BTW I don't believe the "well-known fact" of bad human shuffling either, but I could be wrong.

This applies less in duplicate bridge, I should have thought. Especially if the individual hands are shuffled before being returned to the board, prior to taking them out at the next occasion and shuffling and dealing.

But human shuffling does not generate hand records. In my youth I could remember all of the hands of a session -- thank goodness the possession by most clubs of a duplicating machine coincides with my mental decline.

[Grazy69]

Interesting thread.
As a scorer for many years with a computer scoring program that dealt with this type of problem when a redeal is required part way through the evening....
I would let scores stand for folks already played the board as stanza 1
I would have the board redealt ( when discovered ) and all scores from then on would be stanza 2.

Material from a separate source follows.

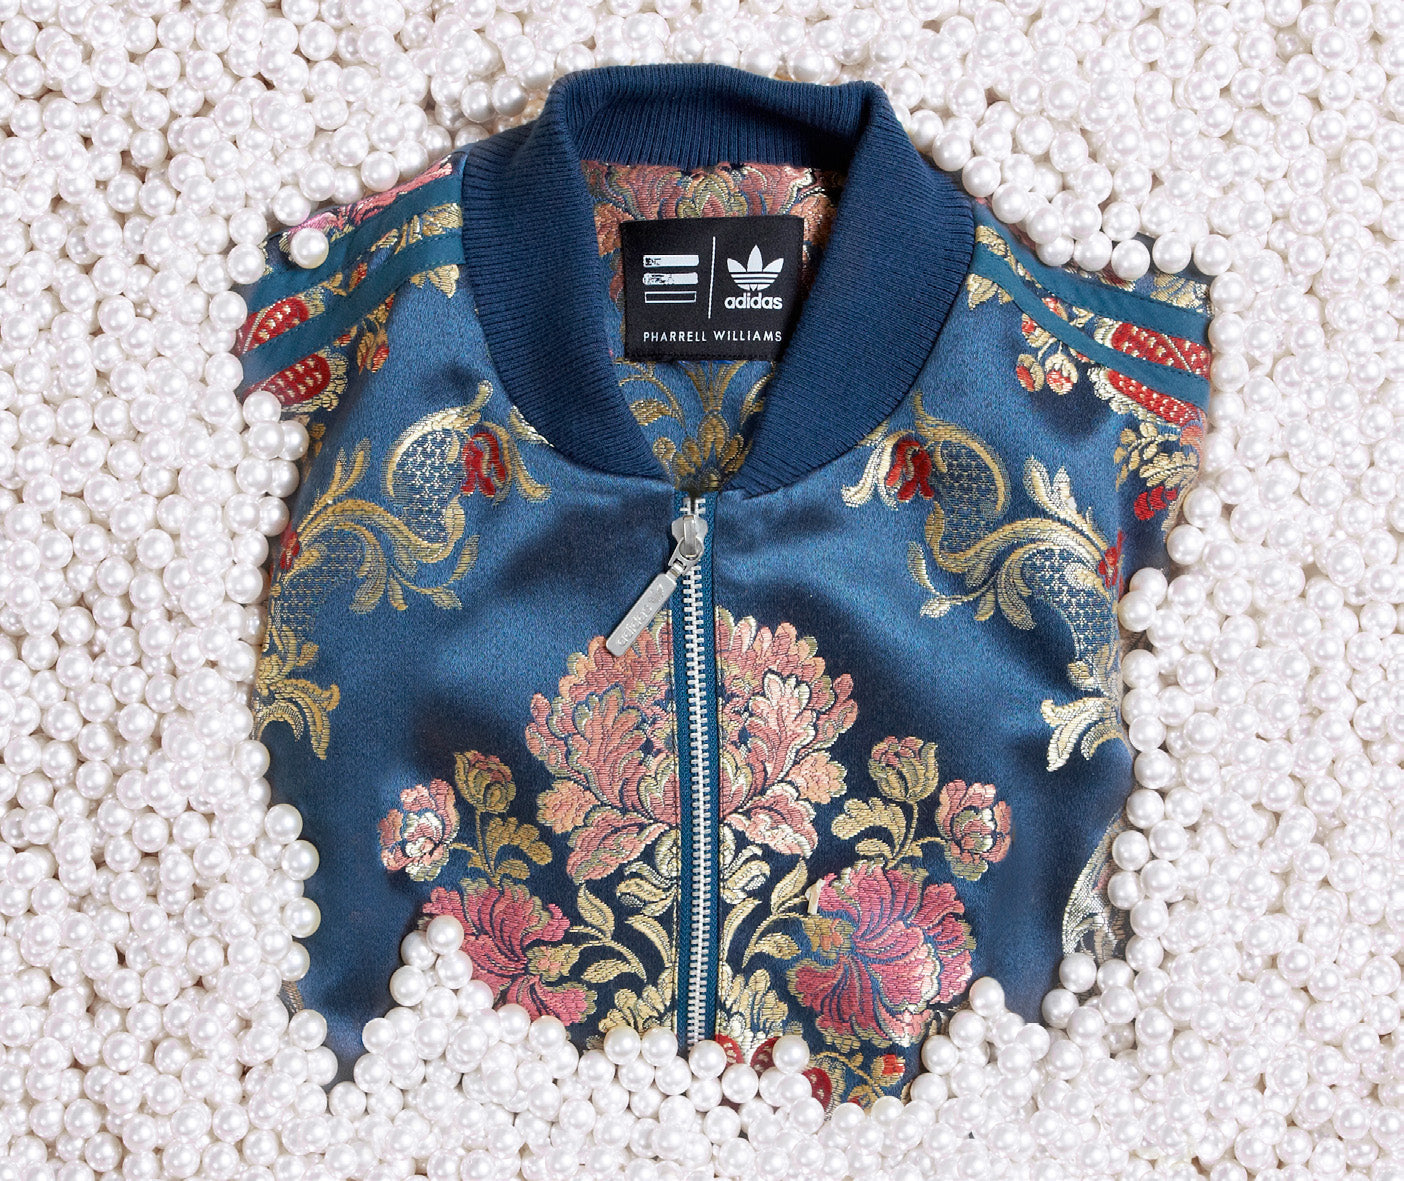 pharrell williams adidas jacket floral

As an aside ...... Many moons ago, on one of the forums or suchlike, someone came up with a very nice definition of manually well shuffled cards.
It was simple ...you should try it.

Suit the whole pack A23456 etc in all suits ( like a new deck ).
Use whatever type of shuffle you choose, and there are many.
Definition: A good shuffle is that no more than 3 pairs of cards remain together after the shuffle.
Eh Voila

[blackshoe]

cherdanno, on Dec 9 2009, 04:42 AM, said:

Btw, I wouldn't let the earlier results stand. Even if these players didn't notice it explicitly, they may have benefitted without realizing it (e.g. "learning" how to play a certain suit combination on the previous board).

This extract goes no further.